I knew it was coming, and yet did nothing to prevent the disastrous outcome. I ate, drank and avoided the gym as though my soul would set fire by stepping foot on the stair-stepper. And here I sit, hideously encased in the one female torture device known to bring grown women to tears – if not AA meetings; the bathing suit.
Visual – if a Vienna sausage mated with extra lumpy cottage cheese and dressed their resulting off-spring in spandex – Poof – you’ve got me in my finest beach wear. And yes, I know women everywhere, from the size 2 to the size 20 feel equal torment over this body-image obstacle – but I’m particularly sensitive to this issue today as our beach vacation approaches. Surf, sand and shame – bring it!
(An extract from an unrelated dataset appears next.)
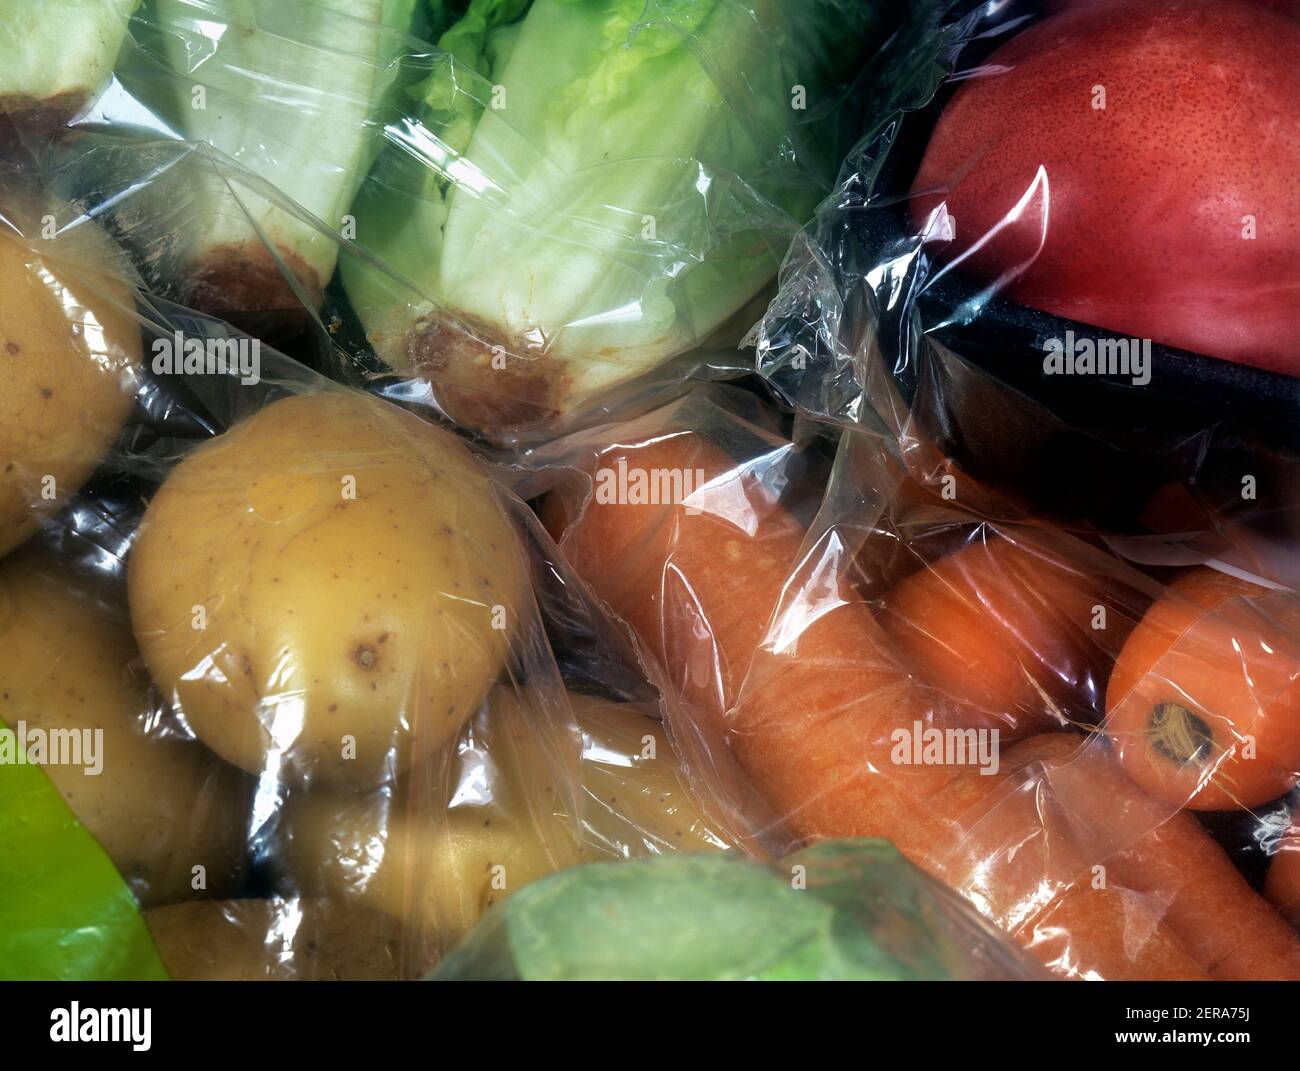 Embalaje innecesario - bolsa de plástico transparente y envoltura de celofán en verduras vendidas en un supermercado (incluyendo patatas, zanahorias y lechuga). Foto de stock

This year I noticed a trend ; wise retailers have selected magical verbiage when marketing swimwear, it’s like Harry Potter goes to the beach with his fat Aunt; vanishing waistline, illusions of longer legs, secret bust lifting properties. I’ve got news for the retailers, unless their product also comes with Siegfried and Roy, there is no illusion large enough to mask the size of my derriere.
On the upside, cover-ups are very hip, or so I’m told; unfortunately, several appear to be designed for those more vertically gifted than myself. I guess what I really need is magic beachwear that offers not only instant thinness, but height; kind of a Spanks/Stiletto mix. Do they have those at Target? I’ll let you know what I find.